I watch the leading ring form a smoldering caldera

as if something immense erupted, something unholy birthed

into what was once a place where nightmares would end upon waking,

where one could close the book, turn off the set, walk away from the screen,

and return refreshed from a brief immersion into the unreal.

Now the distinctions are gone.

There may be rhyme, but there is no reason.

History merges with Fantasy. Science Fiction collides with Reality TV.

And the wheel spins faster, even as everything slows.

Will the arrow point to whatever we can agree upon?

Or, to the smoking crater of what only Hell, not Heaven, knows?

I went to sleep with images of the devastation on Maui in mind, but then in my dream it was as if I were there on the island, writing the above words. I've never woken up with a poem (or whatever it is) fully written before!

I was disoriented and my stomach felt queasy. Even though it was morning, I couldn't do any of my normal routines. Instead, needing a certain kind of comfort and grounding, I turned to Turner Classic Movies. Sometimes, I can surrender my own impatience with the lack of sophistication and lose myself in a time of black and white simplicity. That's what I needed to do today.

I stumbled upon The Egg and I. Not something I'd probably ever watch except for these circumstances. I wanted something from a less complicated era. I wanted to transport myself to a simpler time. It was made in 1947, starring Fred MacMurray and Claudette Colbert. To keep my mind fully engaged, I looked it up on my computer while watching it.

Turned out it was where the quirky characters of Ma and Pa Kettle began their long movie run. And, it was based on Betty MacDonald's accounts of living and working on a chicken farm from 1927-1931. Her book was a bestseller. The movie was a hit. There were songs written, lawsuits, a tv series in the early Fifties, and later, much criticism for the stereotypes portrayed. Yet, it even spawned a chain of restaurants with the same name that more recently became First Watch. Wow! I had no idea.

I kept reading and watching. Somehow, this charming simple tale led to so much more. Maybe that's part of the problem with us big-brained mammals: we keep multiplying complexity into every equation.

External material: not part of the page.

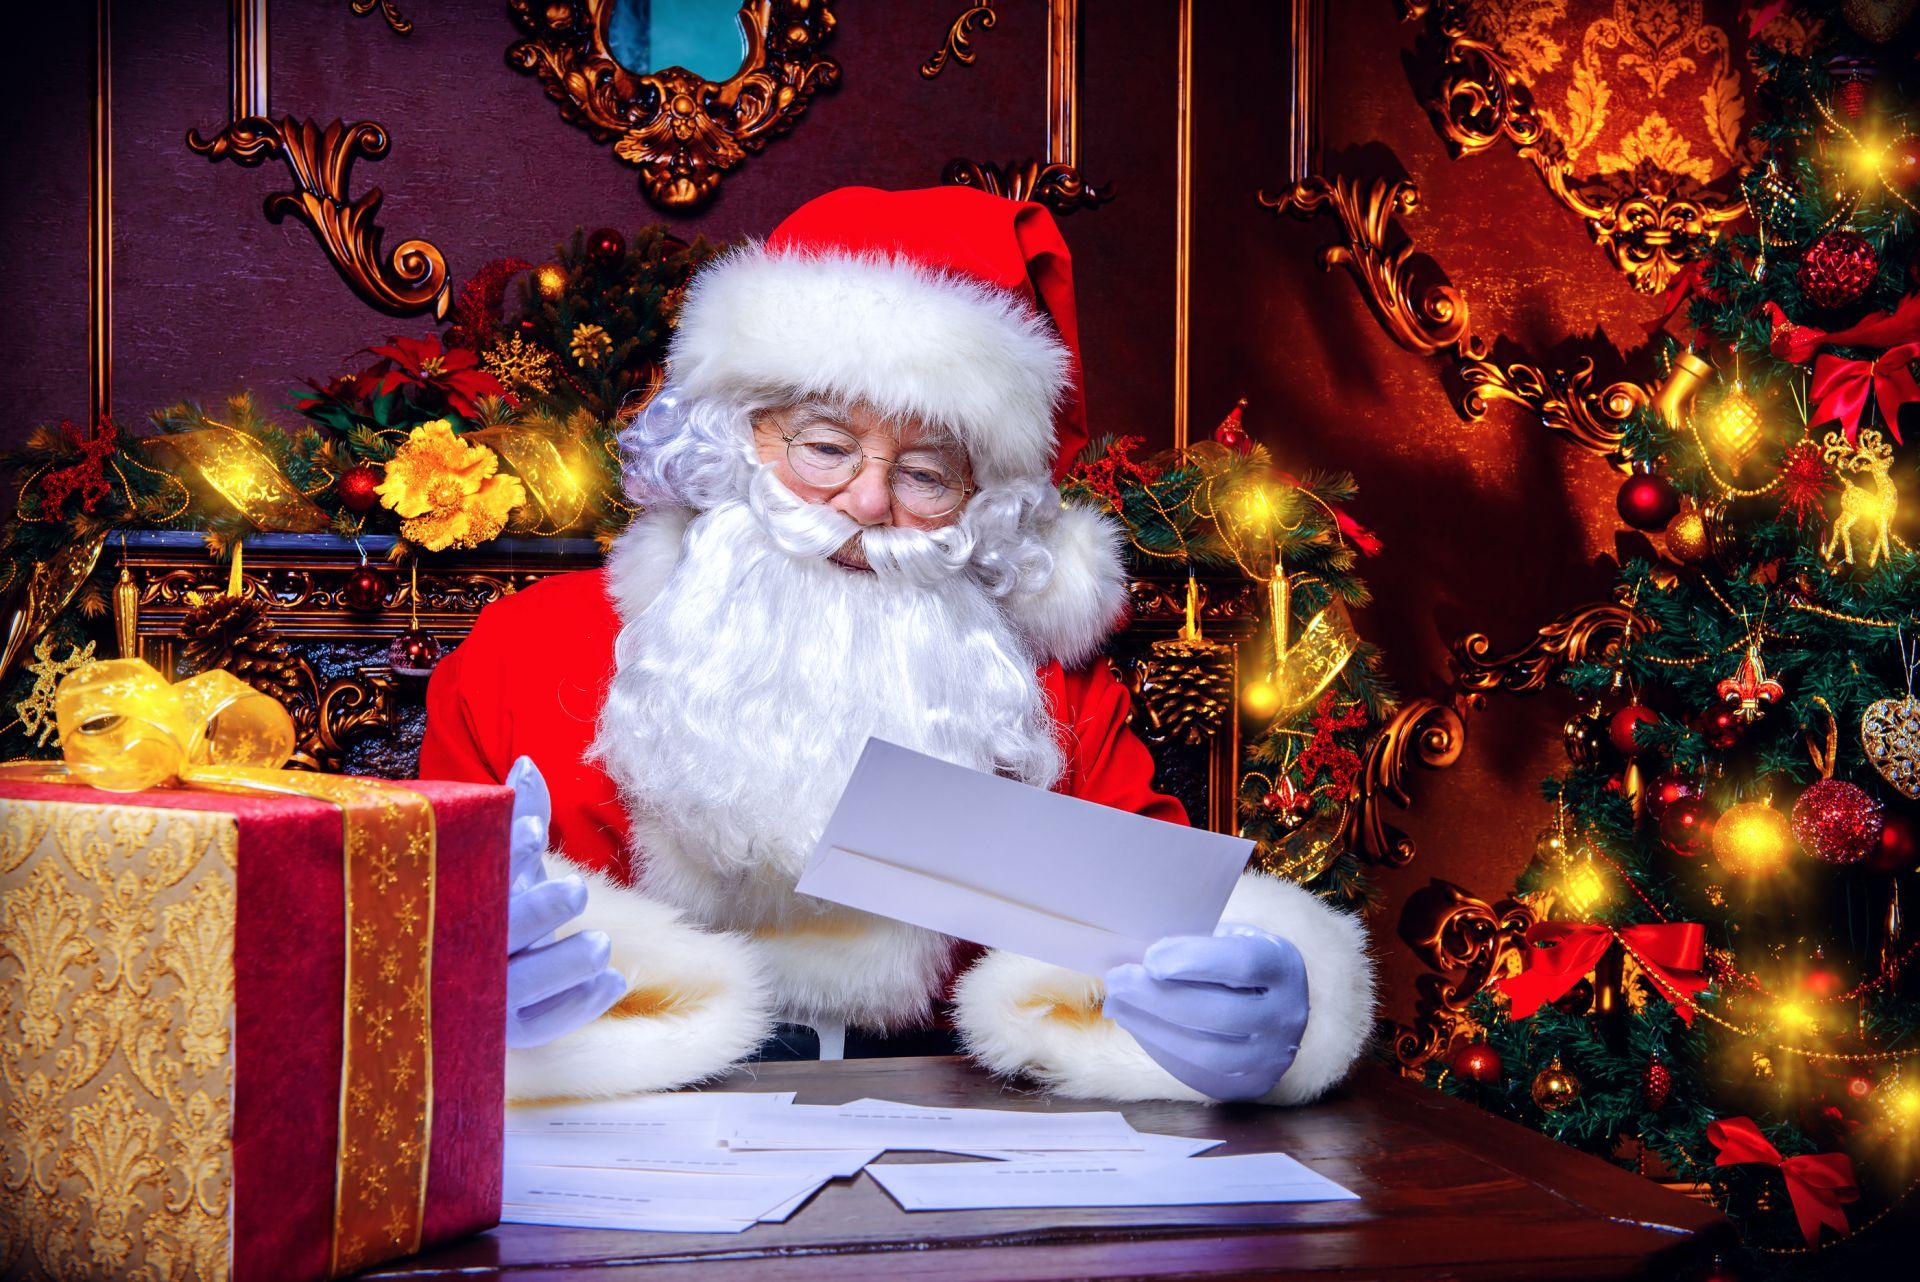 Foto de Carta-resposta do Papai Noel

In 1950, there was a similarly themed Granby's Green Acres which was an eight episode radio show, which then inspired the television sitcom, Green Acres. Now, that story was meshing with my own childhood! I watched Green Acres as a kid. The basic premise of them all was the impulse to exit from the quickening urban pace and return to our rural roots. Therein was the irresistible nostalgic appeal. Whether one had ever lived on a farm or not, we imagined there something essential absent in city traffic and sterile offices.

Of course, the ineptitude of the former city dwellers first encountering the hardship reality of farm living was the foil for many humorous situations. However, it also revealed a deeper allure. This was movingly expressed in The Egg and I when a runaway fire from Pa Kettle's moonshine still burned everything but the main house of their new young neighbors, Betty and Bob.

(Egads! How did I find my way to this movie? I was trying to get the image of so many homes and historic places on Maui now dust and ash out of my mind.)